If B and B' are the ends of minor axis and S and S' are the foci of the ellipse `x^(2)/25 + y^(2)/9 = 1`, then area of the rhombus SBS' B', in square units, will be

To find the area of the rhombus formed by the points \( S, B, S', B' \) for the ellipse given by the equation \[ \frac{x^2}{25} + \frac{y^2}{9} = 1, \] we will follow these steps: ### Step 1: Identify the values of \( a \) and \( b \) The standard form of an ellipse is \[ \frac{x^2}{a^2} + \frac{y^2}{b^2} = 1. \] From the given equation, we can see that: - \( a^2 = 25 \) → \( a = \sqrt{25} = 5 \) - \( b^2 = 9 \) → \( b = \sqrt{9} = 3 \) ### Step 2: Determine the coordinates of the foci and ends of the minor axis The foci \( S \) and \( S' \) of the ellipse are located at \( (\pm c, 0) \), where \( c = \sqrt{a^2 - b^2} \).
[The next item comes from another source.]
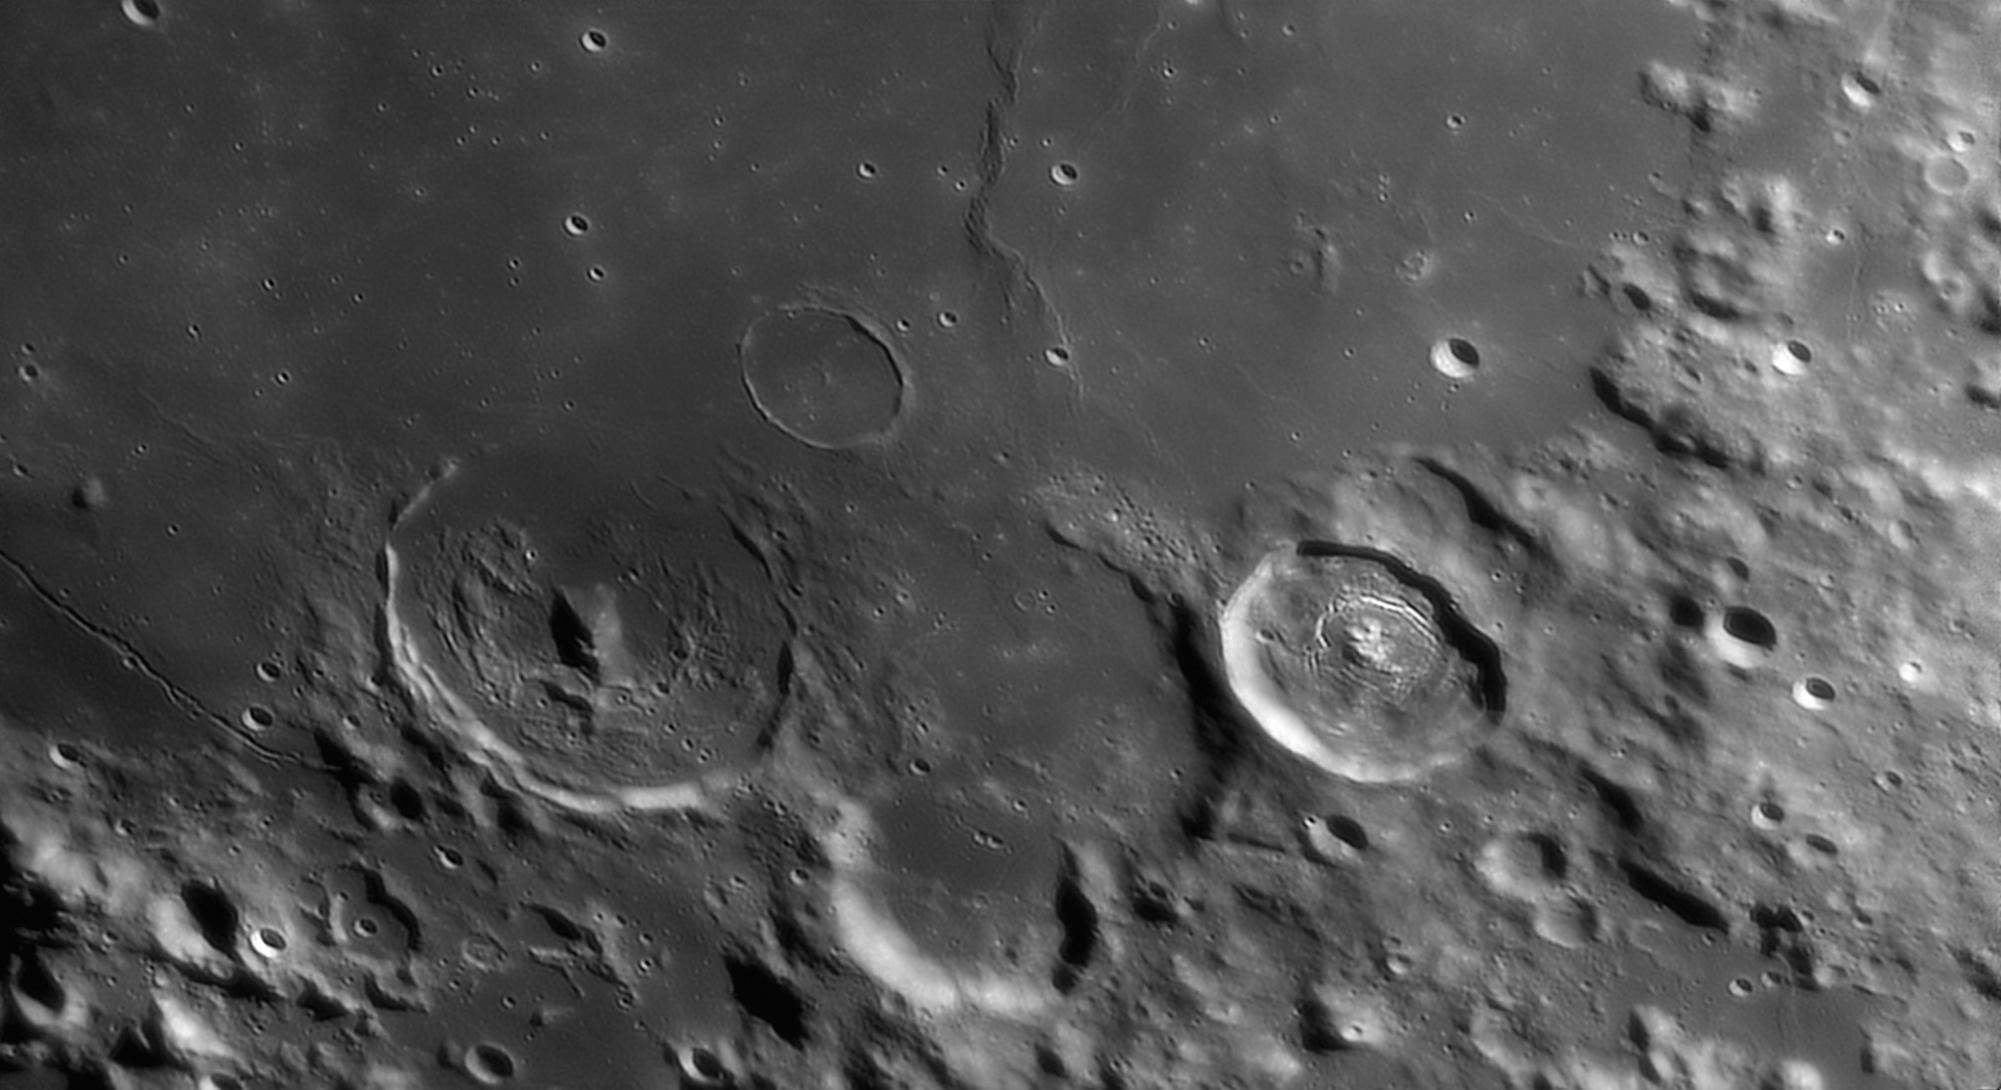 large.2021-02-23-2050_3-R-Moon.jpg.da2dba4c6033066fcbc7f43f3bd3c761.jpg

Calculating \( c \): \[ c = \sqrt{25 - 9} = \sqrt{16} = 4. \] Thus, the coordinates of the foci are: - \( S = (4, 0) \) - \( S' = (-4, 0) \) The ends of the minor axis \( B \) and \( B' \) are located at \( (0, \pm b) \): - \( B = (0, 3) \) - \( B' = (0, -3) \) ### Step 3: Calculate the area of the rhombus The area \( A \) of a rhombus can be calculated using the formula: \[ A = \frac{1}{2} \times d_1 \times d_2, \] where \( d_1 \) and \( d_2 \) are the lengths of the diagonals. In our case, the diagonals are: - \( d_1 = BB' = |3 - (-3)| = 6 \) - \( d_2 = SS' = |4 - (-4)| = 8 \) Now substituting the values into the area formula: \[ A = \frac{1}{2} \times 6 \times 8 = \frac{48}{2} = 24 \text{ square units.} \] ### Final Answer Thus, the area of the rhombus \( SBS'B' \) is \[ \boxed{24} \text{ square units.} \] ---